#### WHAT NEEDS TO BE DONE:
Beneath this instruction is a listing; print exactly the lines in it starting at the line that contains "Craftsman Garage Organization" and going through the line that contains "International 8 piece".

------ RECORDS SHOWN ------

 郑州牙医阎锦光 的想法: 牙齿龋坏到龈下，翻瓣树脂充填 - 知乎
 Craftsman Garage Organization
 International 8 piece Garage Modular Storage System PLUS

------
------ RECORDS SHOWN ------

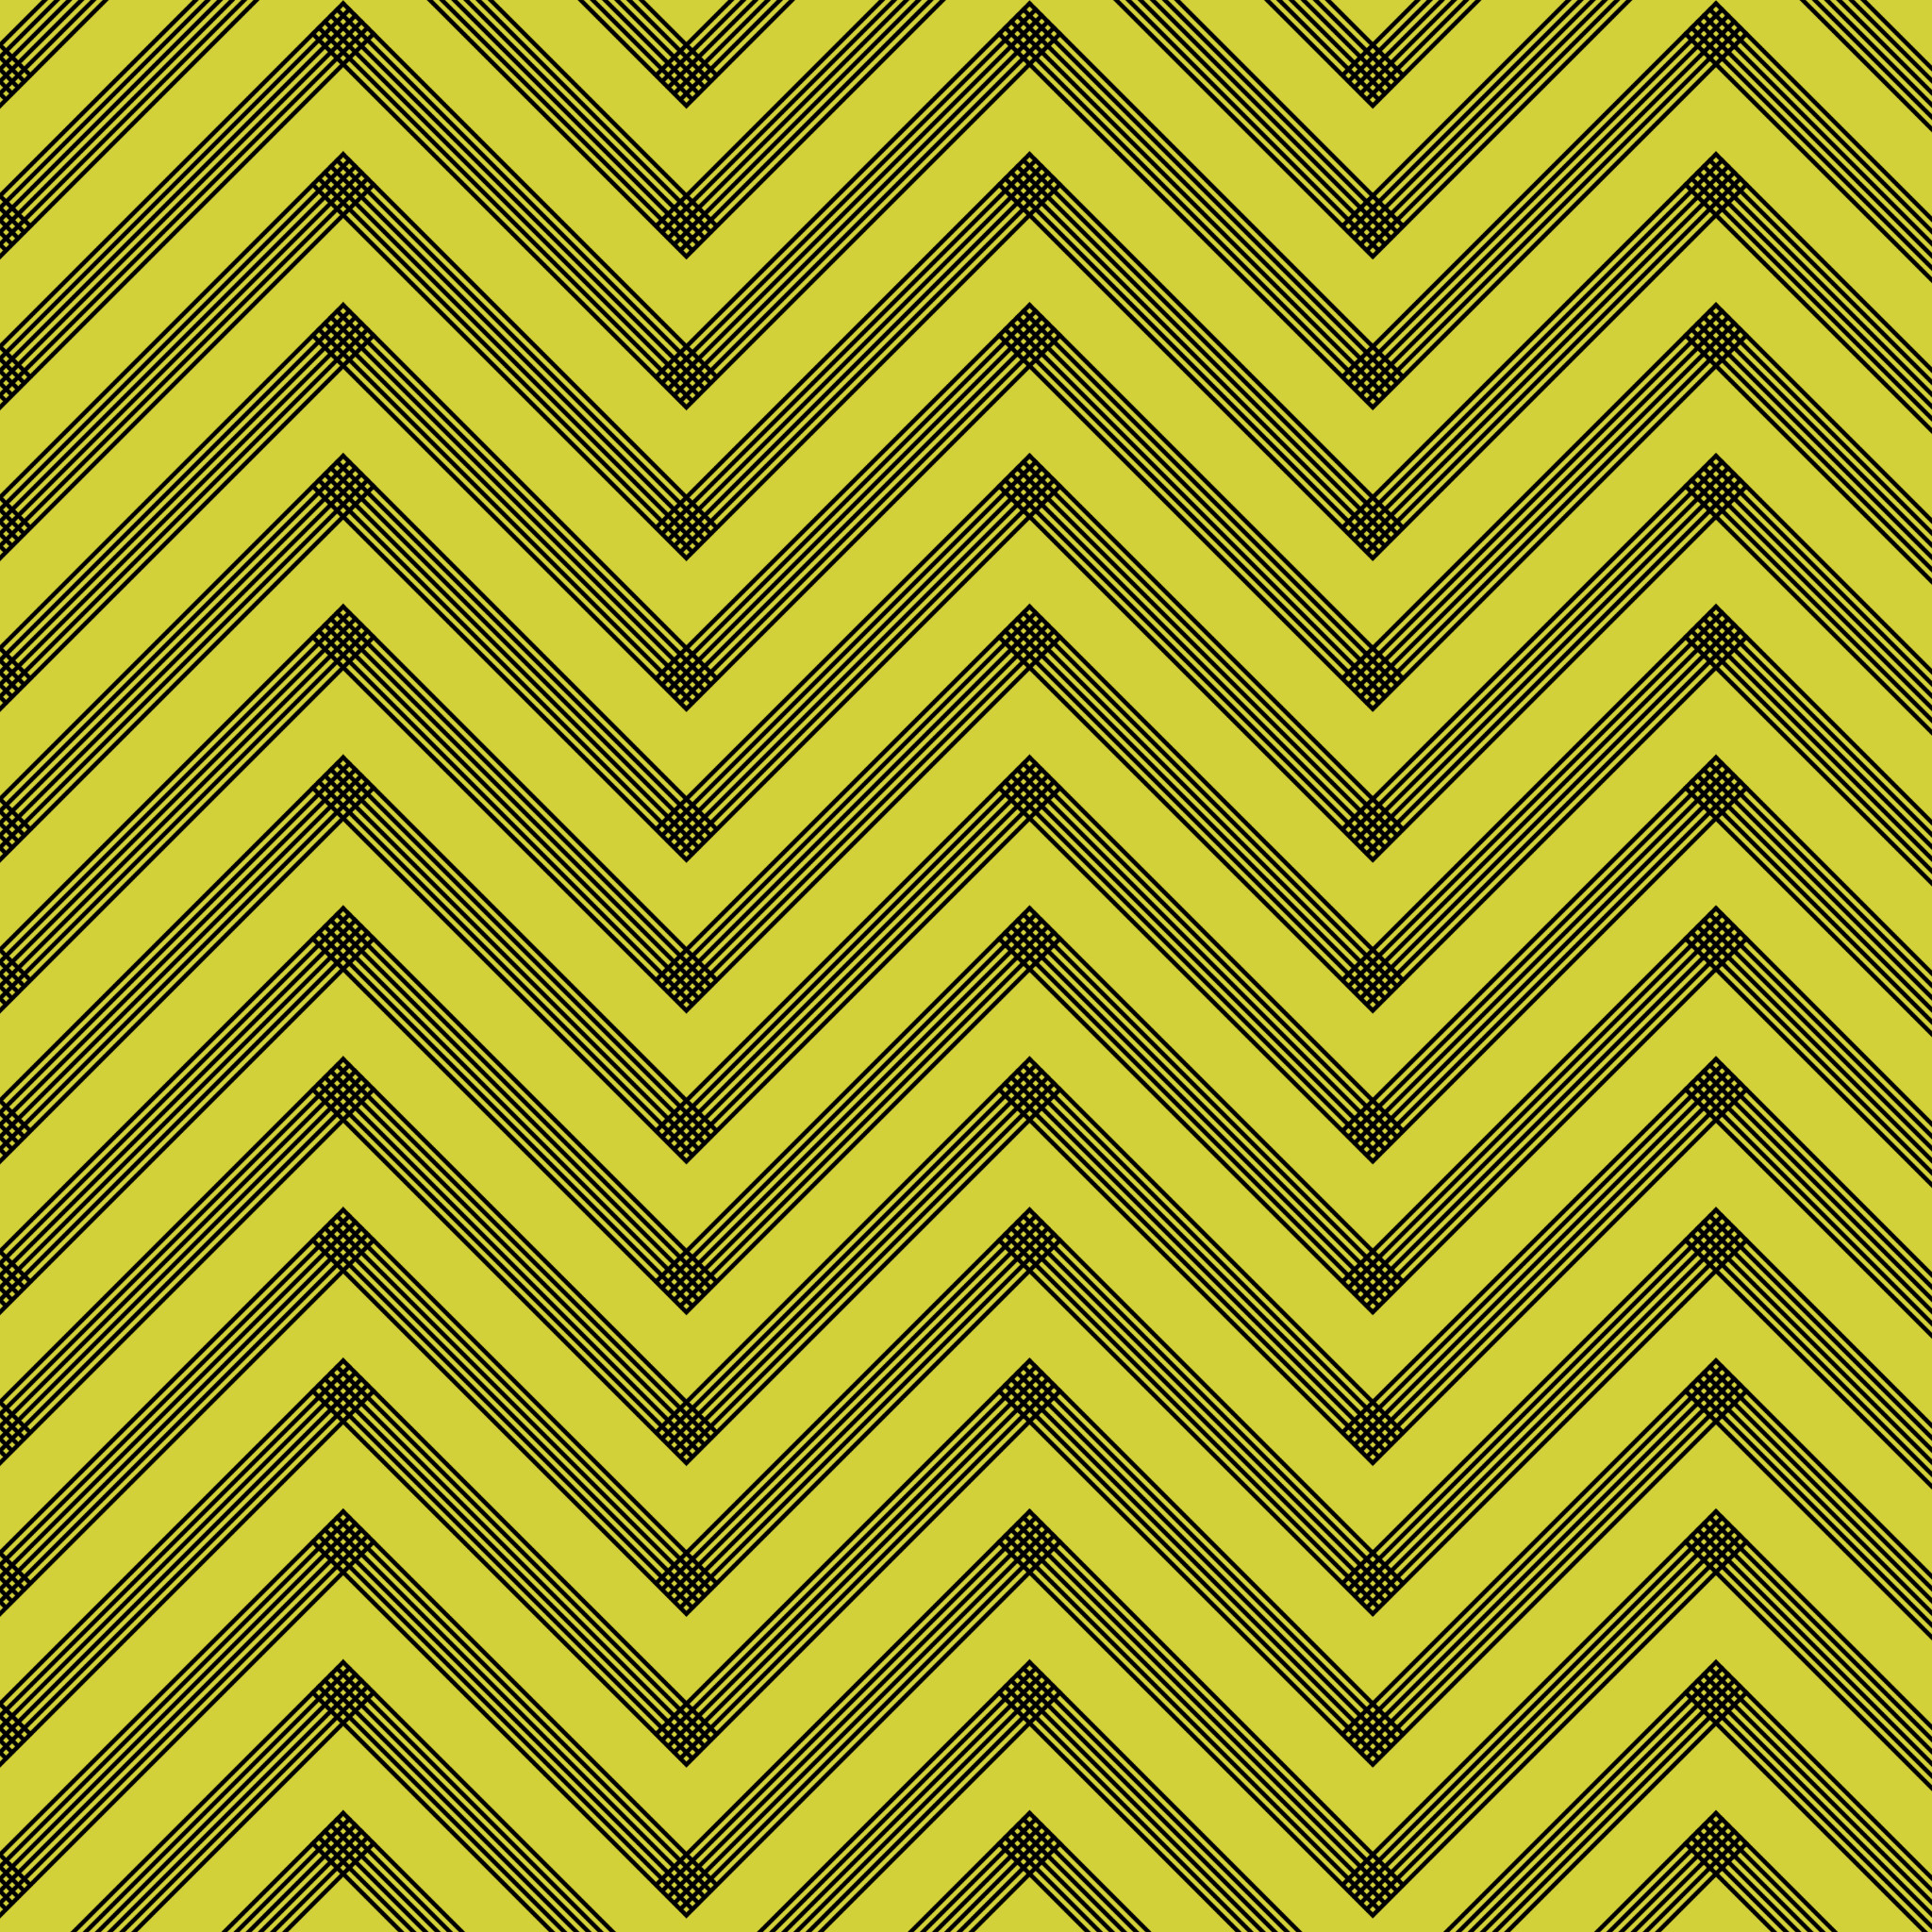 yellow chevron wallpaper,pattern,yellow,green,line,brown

------

#### ANSWER TO THIS TASK:
 Craftsman Garage Organization
 International 8 piece Garage Modular Storage System PLUS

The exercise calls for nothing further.